When he turned around to her, Ren saw the surprise in his face.
“It happens in a church.” He tugged the silver cross out of his jacket and showed it to her. “Like a church. You know—people go on Sundays, tell their sins. Listen to sermons. God is watching. Hell is waiting. All that.”
Ren thought hard.
“I know some gods,” she said at last. “Like water gods. Some say that Wodnik is just the ghost of a drowned boy, but he’s a kind of god, too. He rules over the river.” She paused. “You know, this forest probably has a god, too.”
Lukasz was listening with his mouth slightly open. Then he put the cross back in his jacket and said, “Those are the small gods. But there were real gods before, mighty ones—gods of
crops, goddesses of hunting and death—”
“I don’t think I like a hunting goddess,” Ren said, frowning.

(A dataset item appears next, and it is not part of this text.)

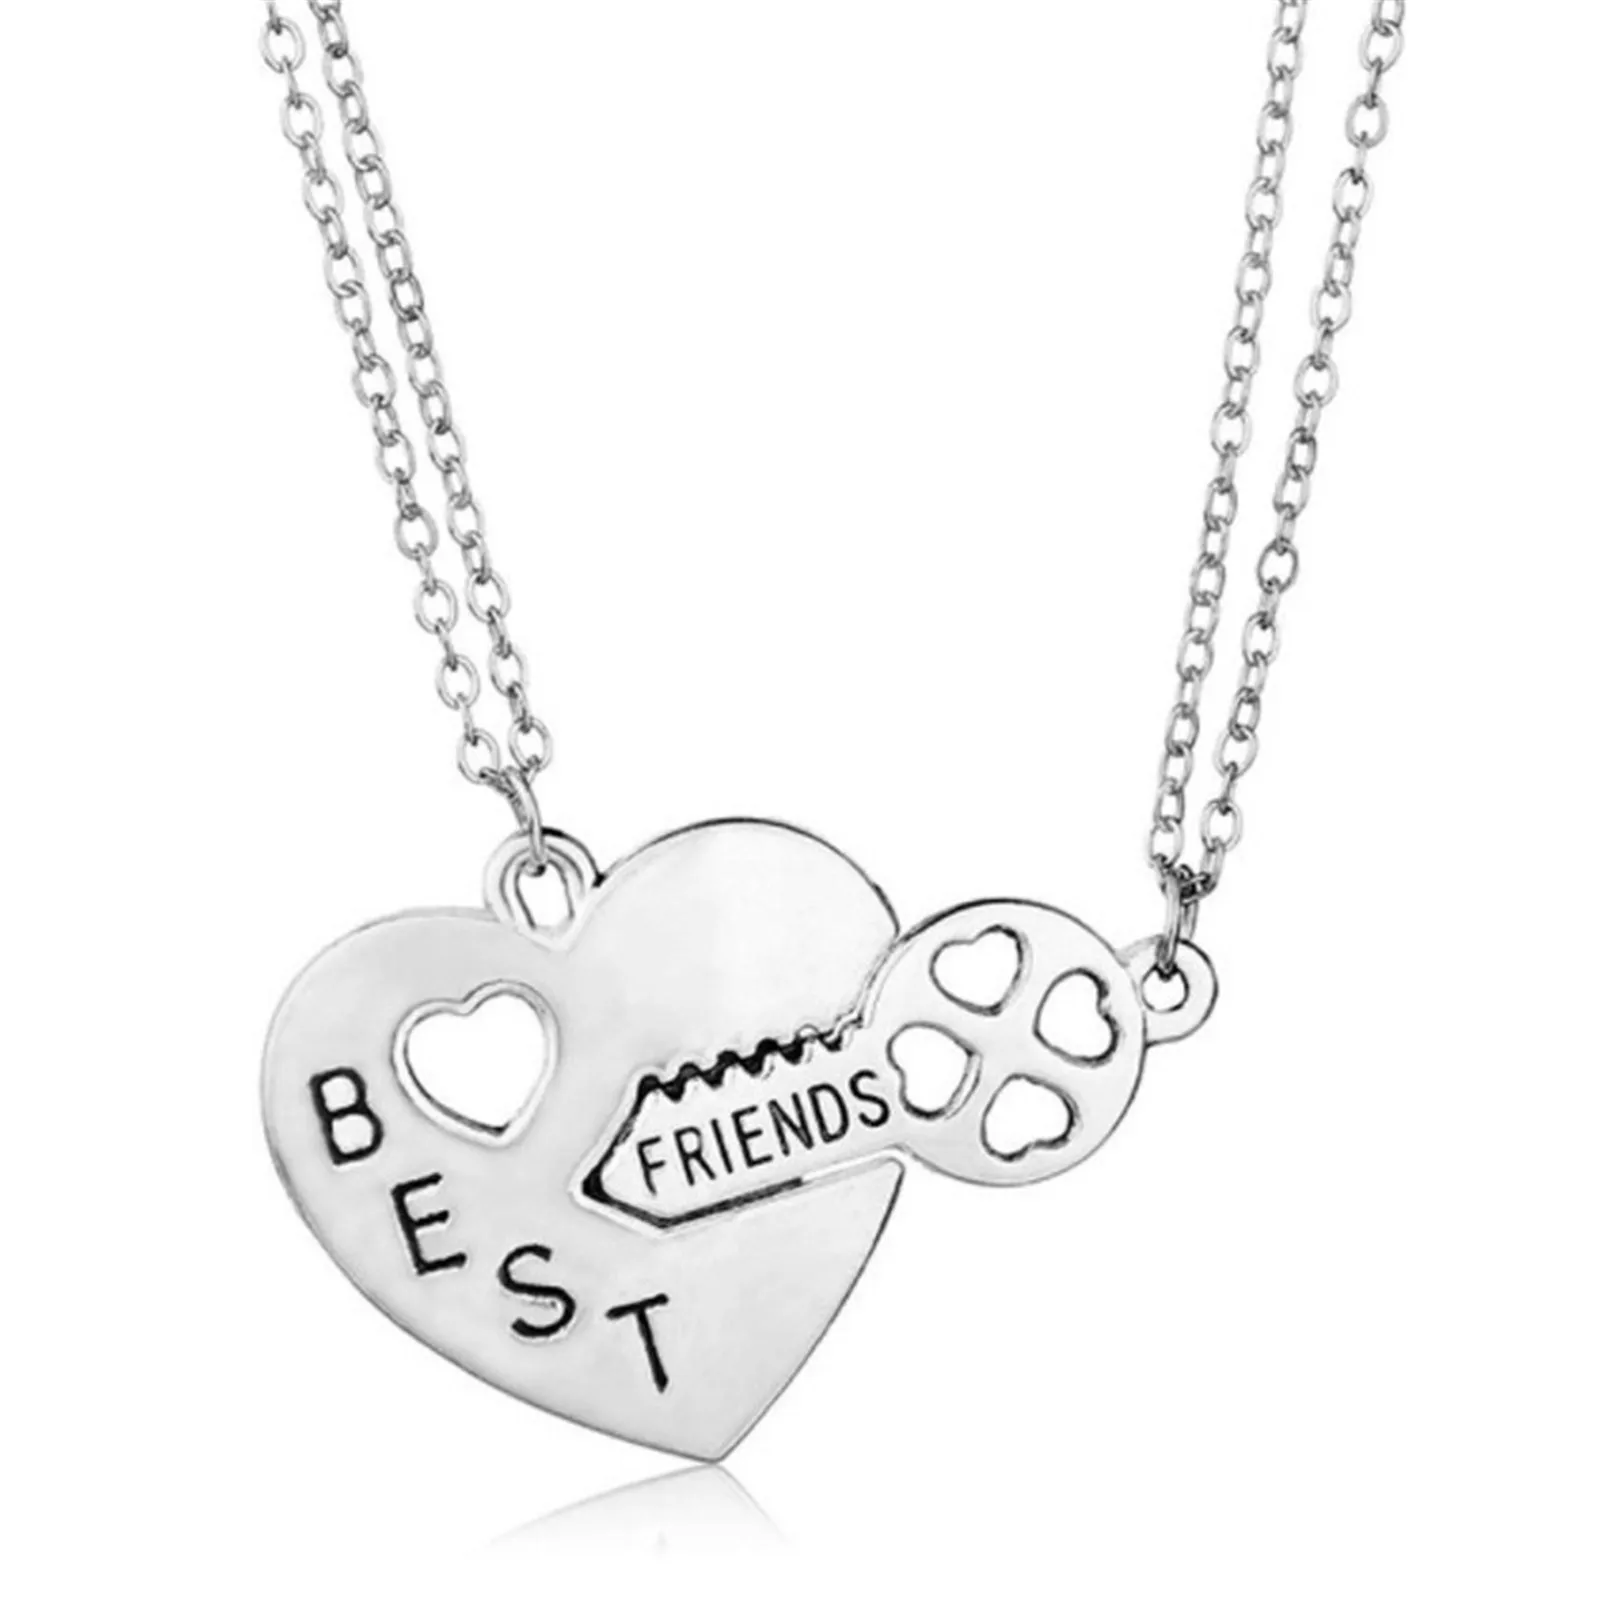 Bff Necklace: Over 97 Royalty-Free Licensable Stock Illustrations & Drawings  | Shutterstock
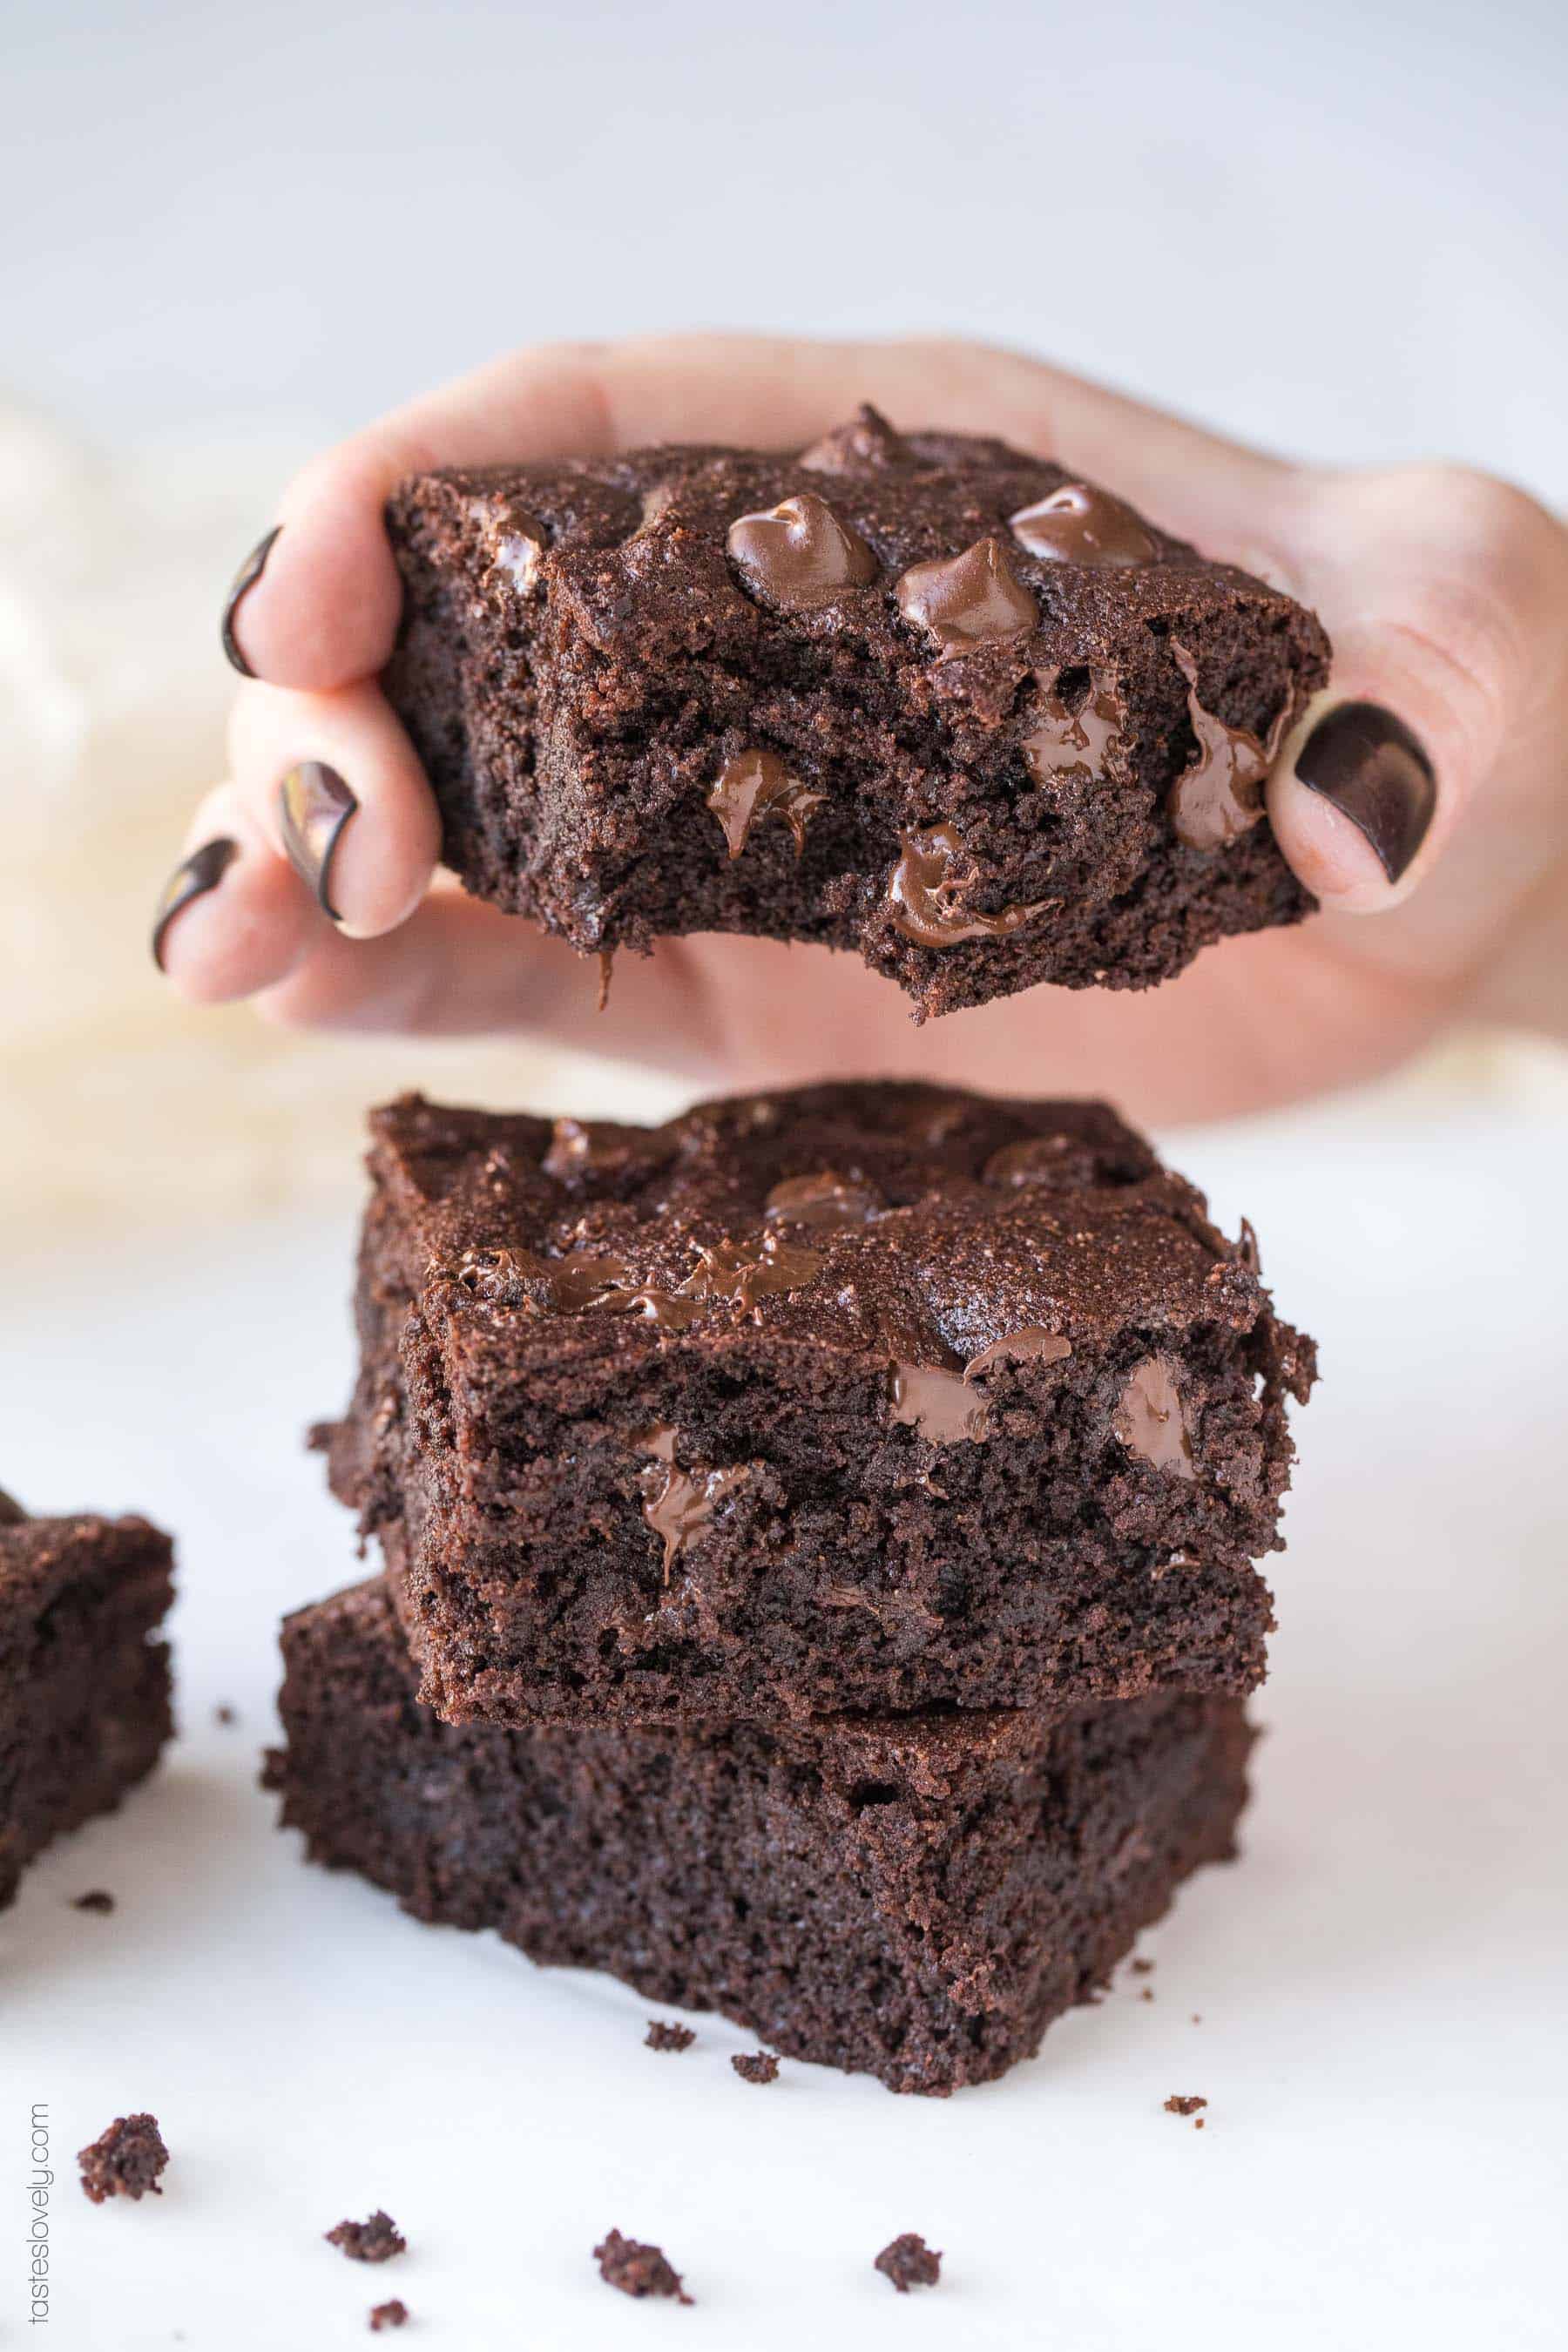 a hand holding a low carb, fudgy chocolate brownies with gooey chocolate chips with a bite taken out

“Neither did the early Christians,” said Lukasz dryly. “They drove out the old gods. Replaced them with their new one. Absorbed every old pagan custom—including things like getting rid of mavka. The baptism—it’s part of the new religion.”
Ren sniffed.
“Well, I haven’t seen your new god around here.”
Lukasz shrugged and said in the same dry voice, “Well, I doubt He’s in Miasto, either.”
Ren couldn’t tell if it was a joke. If it was, she didn’t understand it.
“What’s a baptism?” she asked instead.
“Like a christening,” he said. “When you’re born, someone gives you a name. They take you to a church and they say a Mass, and they give you a name. It means that you’re part of the Church. That if you die, you’ll go to heaven, not to hell.”
Ren frowned.
“I do not understand.”
“My parents baptized me Lukasz,” he said. “Kosz’s called him Koszmar. And yours—” He stopped abruptly.
The surprise melted to something else. Ren waited. And then he asked heavily:
“Someone named you, didn’t they?”
She wasn’t sure if it was her imagination, but he looked suddenly older. His eyes had sunken back and darkened, nearly black. He looked sad.
“Do you ever miss them?” he asked when she did not answer.
Ren blinked.
“What?”
“Do you ever miss them? Your family?”
Ren blinked again.
“I’ve only been away from them for a few days.”
“I meant—” He made a gesture with his hands that somehow struck Ren as being helpless. He was still wearing his gloves. “I meant your real family.”
“My real family is at the castle,” she said.
“I mean—”
“I know what you mean,” she interrupted. “My parents are lynxes. They loved me when I was a human. They loved me as a lynx. They love me even though I am different from them, and they never cared where I came from.” Her voice came out brittle, with an undercurrent of a growl. “My family—my lynxes—they chose to love me, when no one else would.”